Exclude all pictures from your copy of the data below, which should otherwise match exactly.

[[ DATA BELOW, beginning ]]

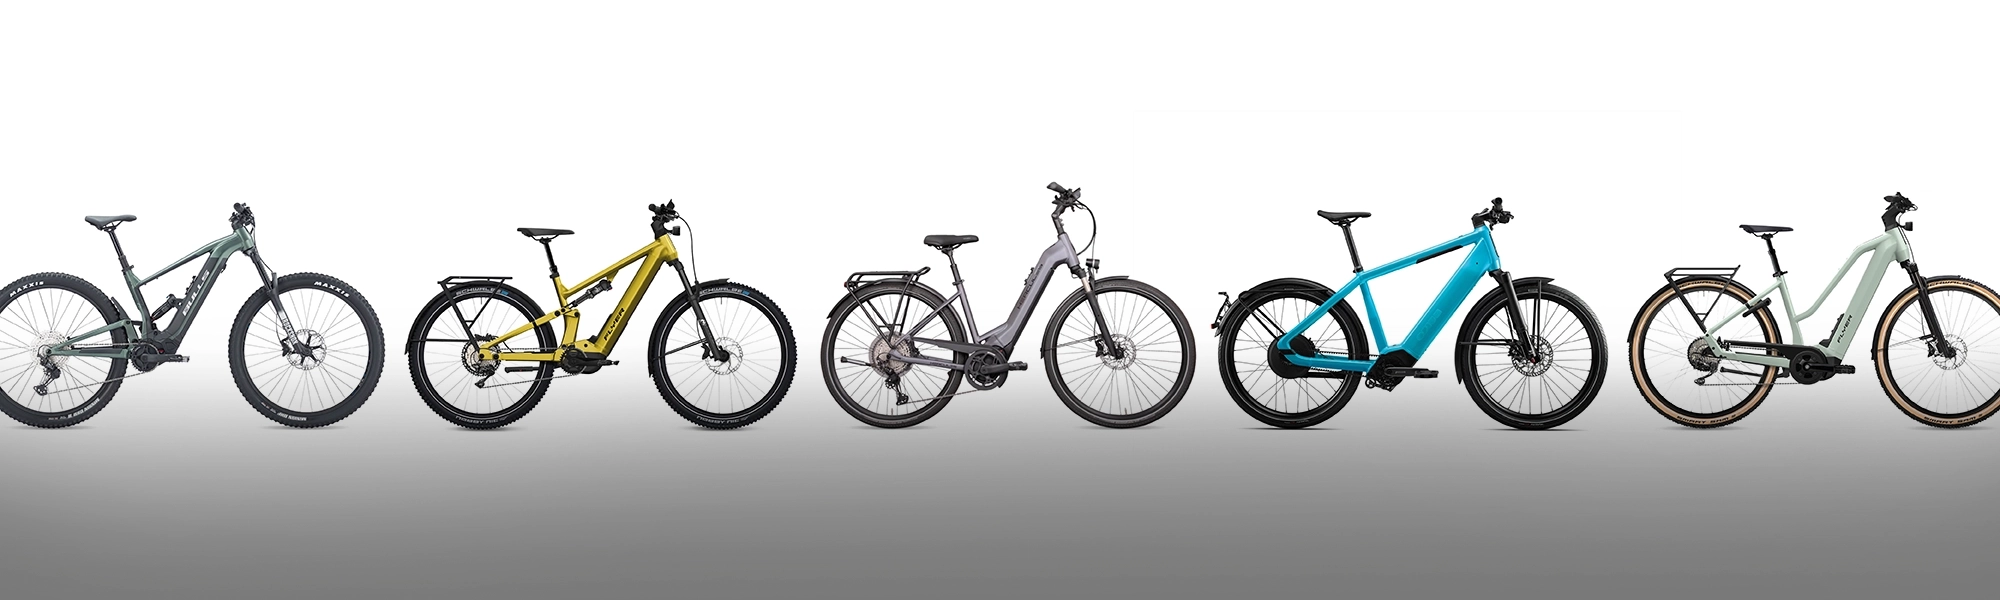 Fahrrad und E-Bikes - Alles zur Ausstattung, Technik und Zub
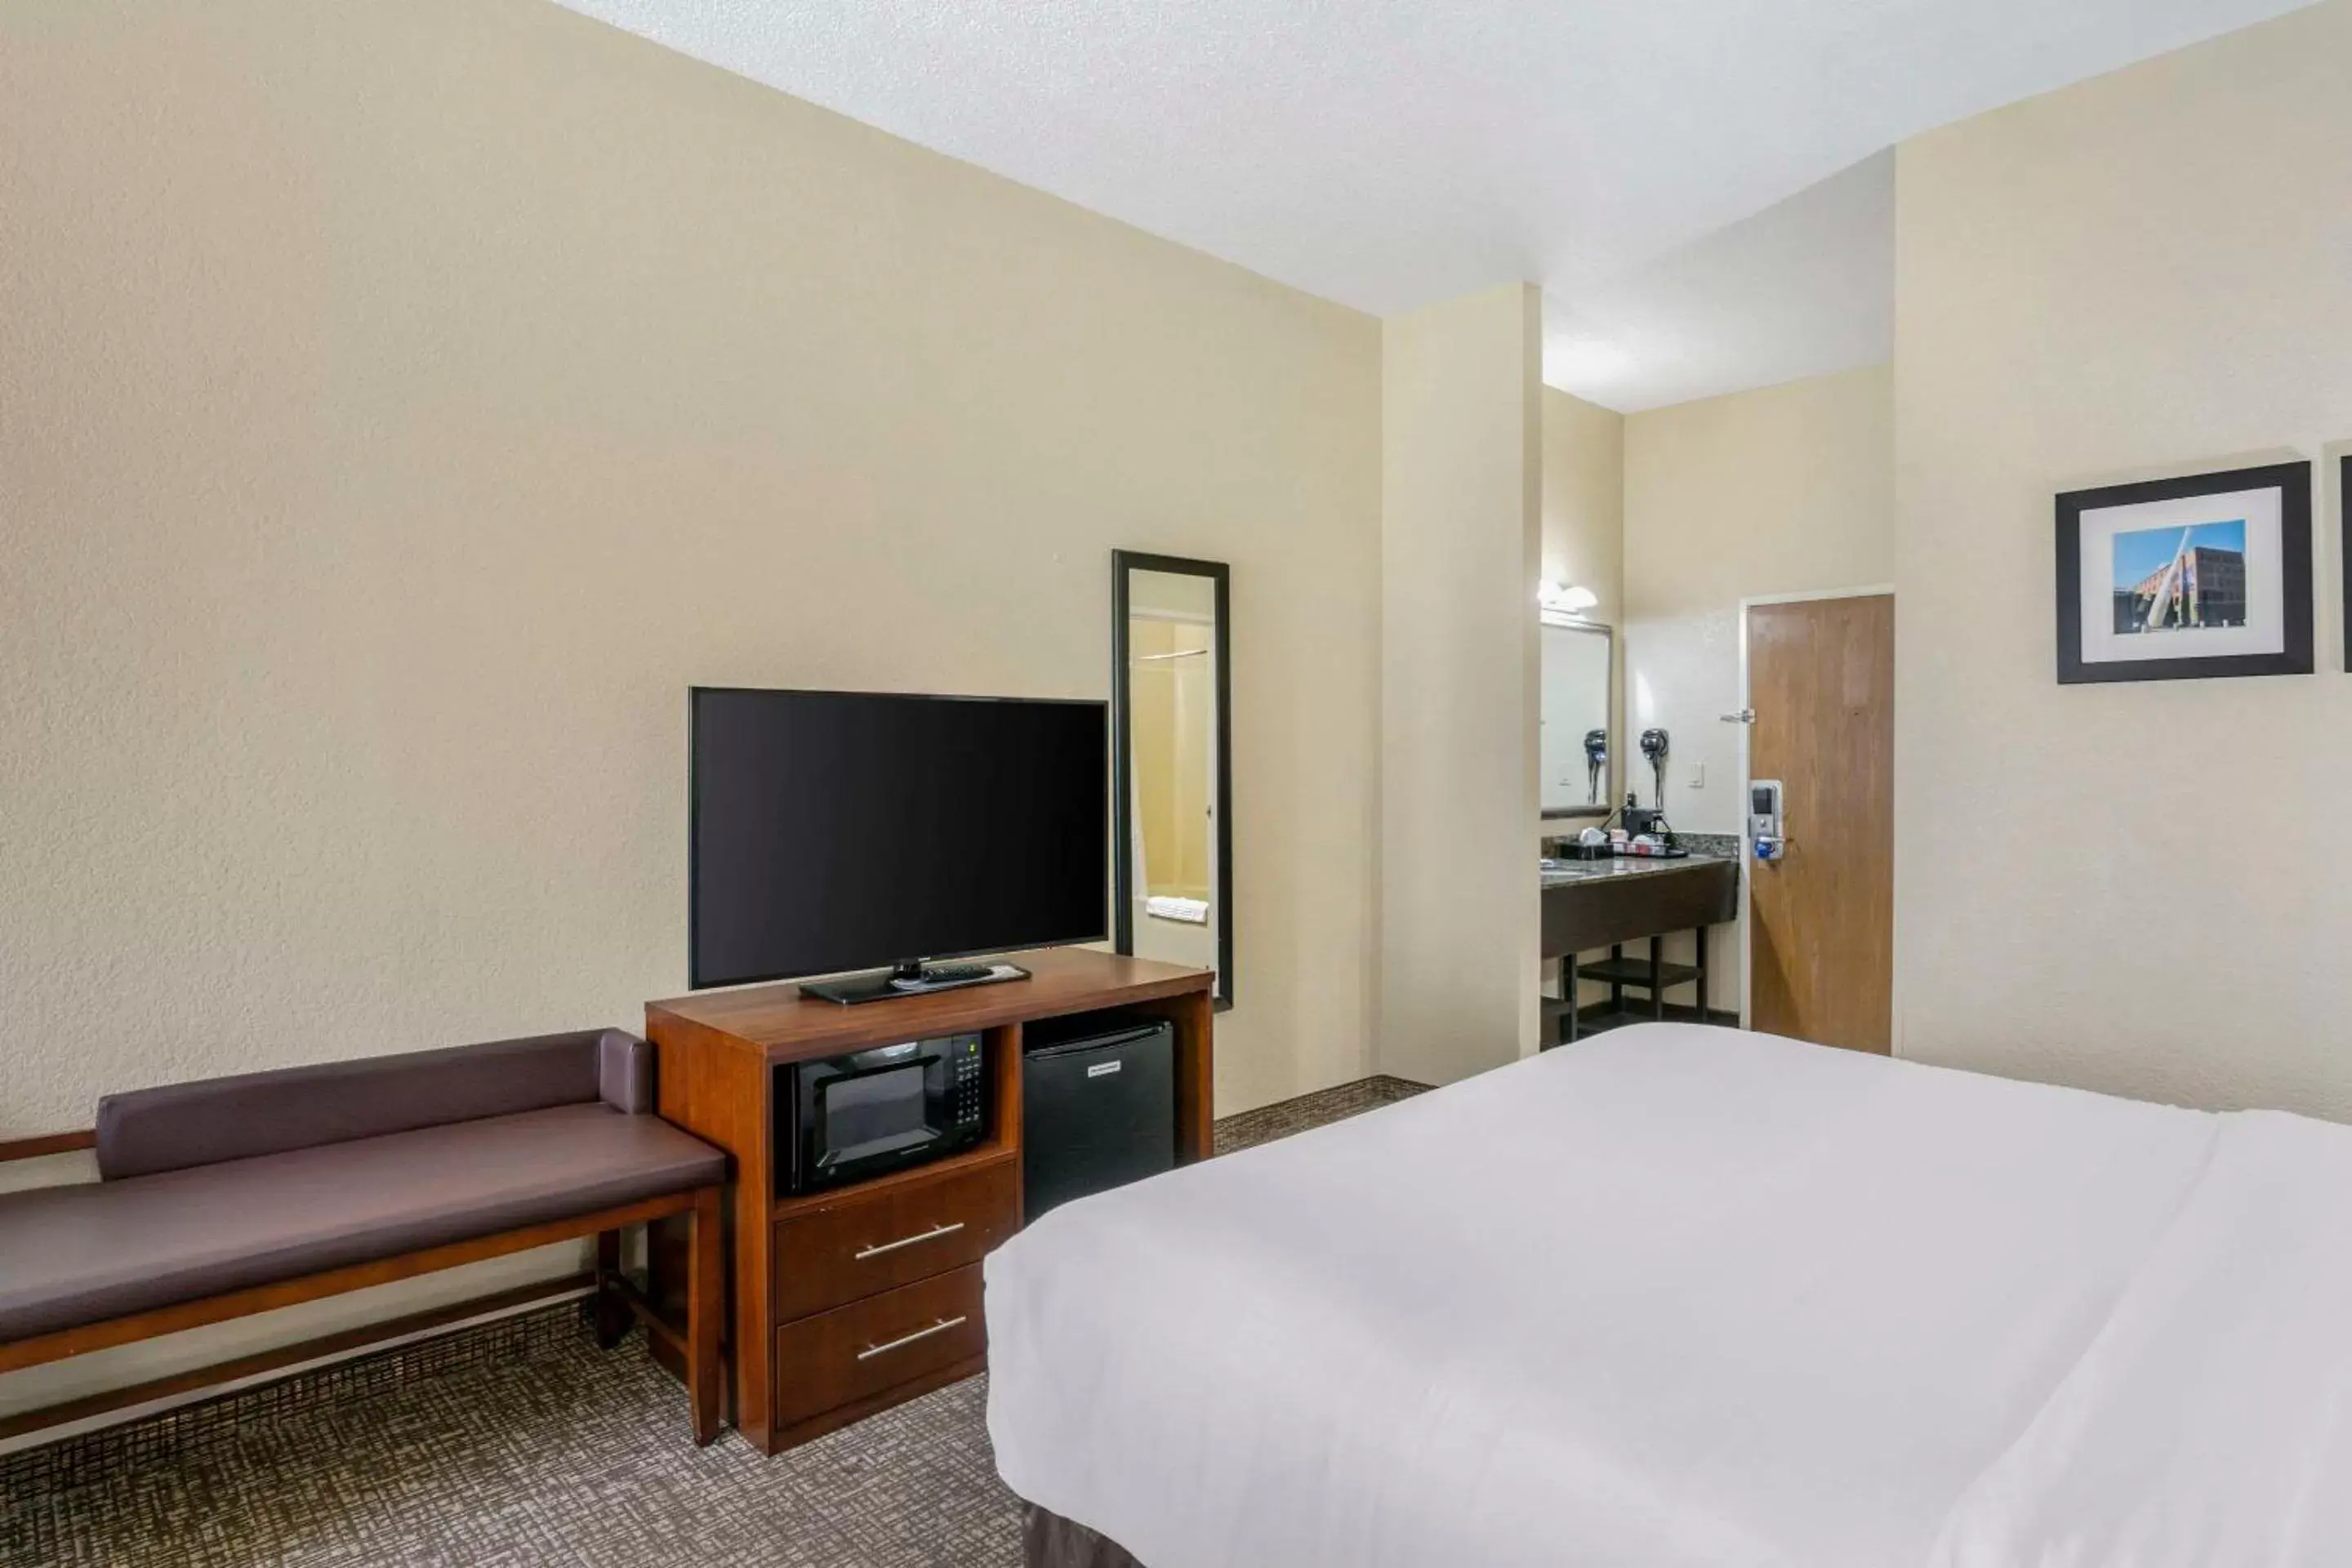 Bedroom, TV/Entertainment Center in Comfort Inn & Suites La Grange
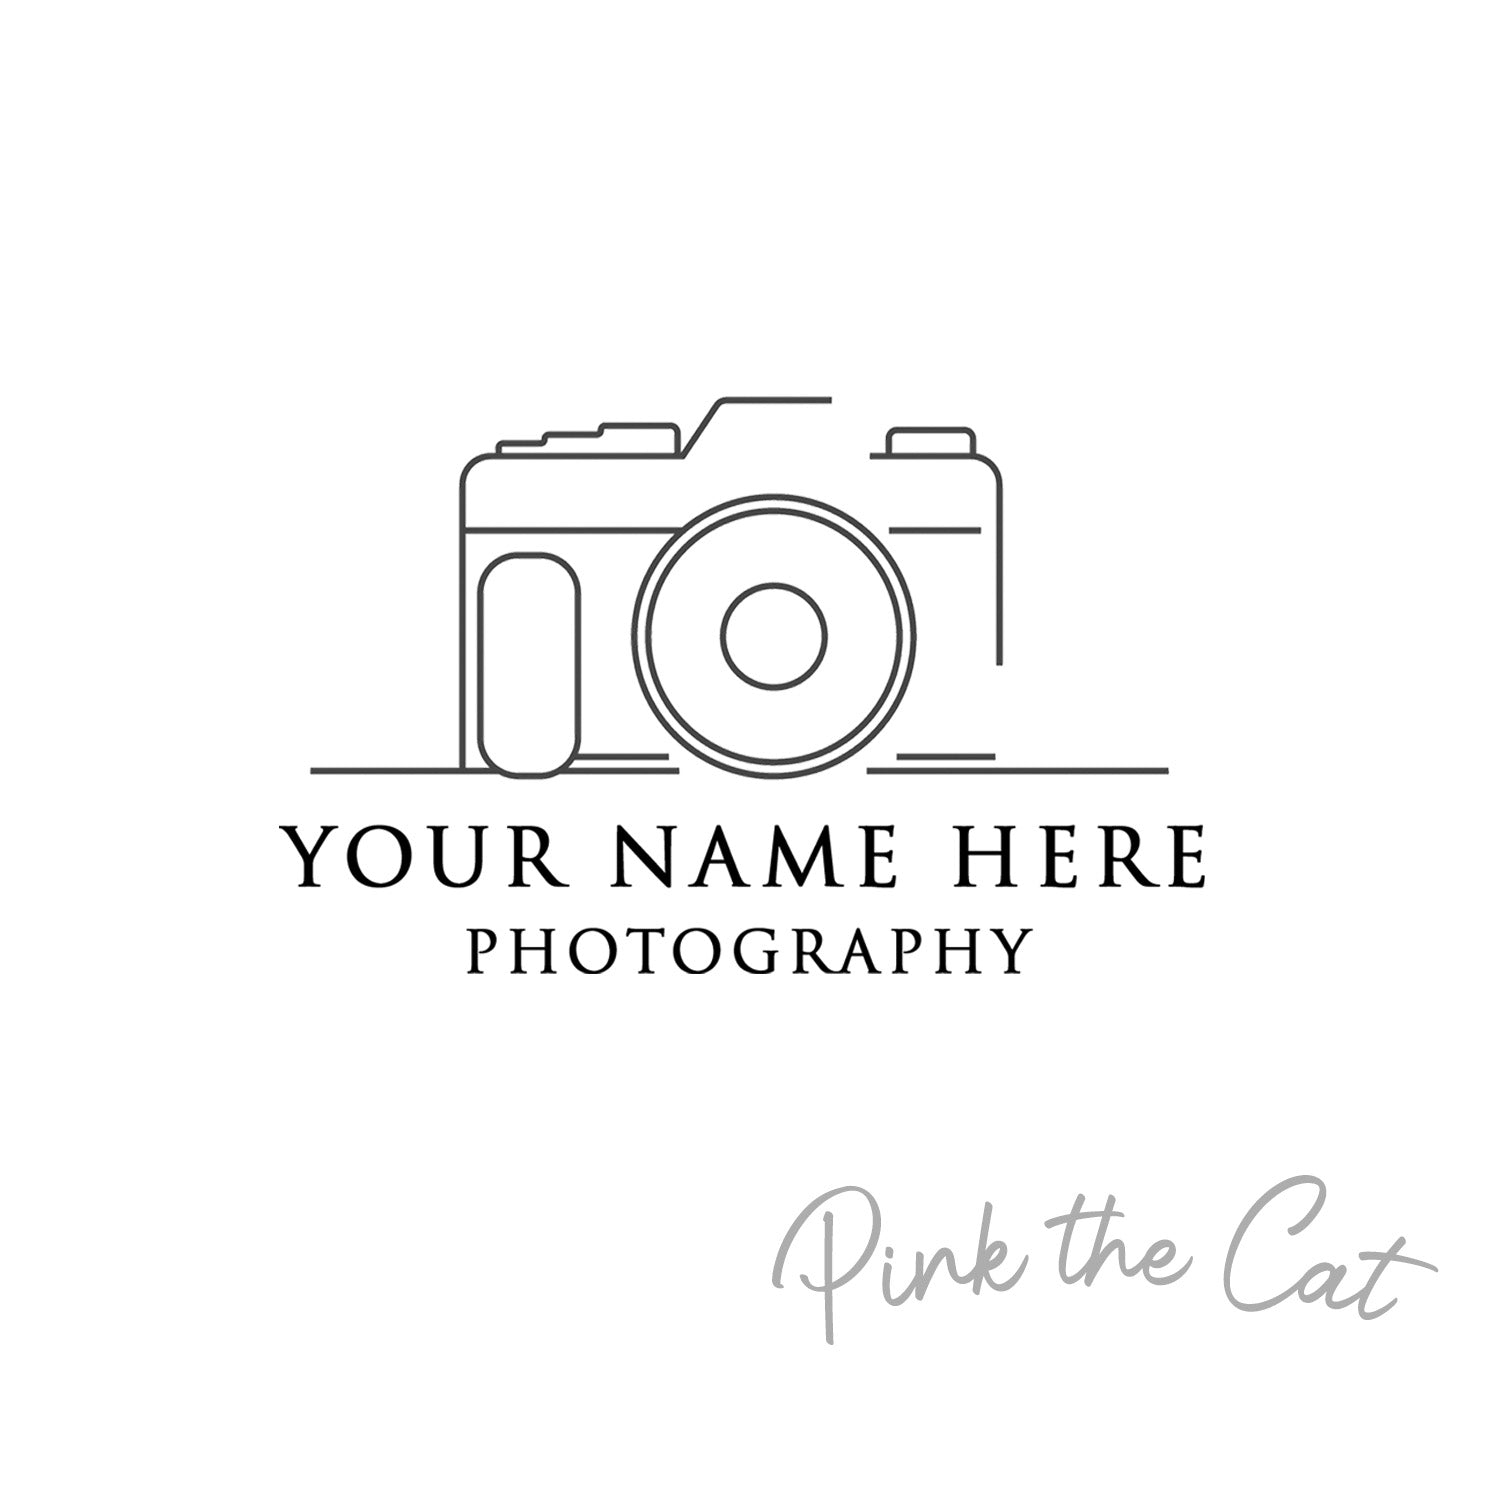 Premade photograpy camera logo design

[[ DATA BELOW, end ]]

YOUR RESPONSE
 Fahrrad und E-Bikes - Alles zur Ausstattung, Technik und Zub
 Bedroom, TV/Entertainment Center in Comfort Inn & Suites La Grange
 Premade photograpy camera logo design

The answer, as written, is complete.